====== INPUT ======
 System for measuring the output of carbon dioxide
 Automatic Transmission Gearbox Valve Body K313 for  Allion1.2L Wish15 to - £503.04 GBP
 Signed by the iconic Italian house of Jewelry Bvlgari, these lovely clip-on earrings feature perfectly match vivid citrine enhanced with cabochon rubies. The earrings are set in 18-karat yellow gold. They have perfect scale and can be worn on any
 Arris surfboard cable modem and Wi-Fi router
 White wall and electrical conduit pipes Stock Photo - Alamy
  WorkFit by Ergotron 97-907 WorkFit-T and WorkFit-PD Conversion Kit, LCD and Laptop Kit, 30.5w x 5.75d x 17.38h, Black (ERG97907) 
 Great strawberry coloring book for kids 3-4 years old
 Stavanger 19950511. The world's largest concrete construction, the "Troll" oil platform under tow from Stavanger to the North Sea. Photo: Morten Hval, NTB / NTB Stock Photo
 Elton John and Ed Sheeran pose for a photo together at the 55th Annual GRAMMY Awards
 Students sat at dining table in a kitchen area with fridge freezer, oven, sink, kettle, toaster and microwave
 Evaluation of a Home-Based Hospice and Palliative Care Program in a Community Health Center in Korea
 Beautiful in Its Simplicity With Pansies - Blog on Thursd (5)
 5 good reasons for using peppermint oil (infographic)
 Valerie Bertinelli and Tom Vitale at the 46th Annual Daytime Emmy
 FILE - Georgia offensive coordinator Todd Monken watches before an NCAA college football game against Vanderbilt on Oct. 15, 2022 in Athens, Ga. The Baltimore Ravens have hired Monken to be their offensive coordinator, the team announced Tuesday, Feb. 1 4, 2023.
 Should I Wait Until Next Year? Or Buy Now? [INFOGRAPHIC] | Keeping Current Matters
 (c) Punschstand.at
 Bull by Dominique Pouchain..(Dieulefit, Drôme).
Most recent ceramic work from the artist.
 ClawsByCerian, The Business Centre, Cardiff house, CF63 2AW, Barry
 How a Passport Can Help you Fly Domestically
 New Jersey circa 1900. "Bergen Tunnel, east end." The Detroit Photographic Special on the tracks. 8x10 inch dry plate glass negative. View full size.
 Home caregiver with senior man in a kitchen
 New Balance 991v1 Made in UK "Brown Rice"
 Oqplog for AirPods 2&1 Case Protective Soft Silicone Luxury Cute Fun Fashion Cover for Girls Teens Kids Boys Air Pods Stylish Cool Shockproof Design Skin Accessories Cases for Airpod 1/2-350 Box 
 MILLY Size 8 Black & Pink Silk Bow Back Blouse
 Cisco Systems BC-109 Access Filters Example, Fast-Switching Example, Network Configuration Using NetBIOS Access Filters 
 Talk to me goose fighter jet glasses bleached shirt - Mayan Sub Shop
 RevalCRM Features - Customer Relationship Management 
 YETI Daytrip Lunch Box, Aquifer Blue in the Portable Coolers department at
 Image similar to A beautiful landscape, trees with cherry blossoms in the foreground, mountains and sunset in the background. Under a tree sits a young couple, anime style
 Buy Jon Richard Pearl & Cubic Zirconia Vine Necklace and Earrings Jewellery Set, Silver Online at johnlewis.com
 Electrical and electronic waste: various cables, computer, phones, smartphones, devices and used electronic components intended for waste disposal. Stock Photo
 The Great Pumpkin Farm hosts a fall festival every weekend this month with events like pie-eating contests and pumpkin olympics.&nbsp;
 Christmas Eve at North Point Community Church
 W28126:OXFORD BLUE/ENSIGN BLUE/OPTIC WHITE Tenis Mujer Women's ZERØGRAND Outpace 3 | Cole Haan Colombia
======
§ DESCRIPTION OF THE TASK:
Across the entries above, work out how many lines include the string "Community", and report only that figure.

§ SOLUTION:
2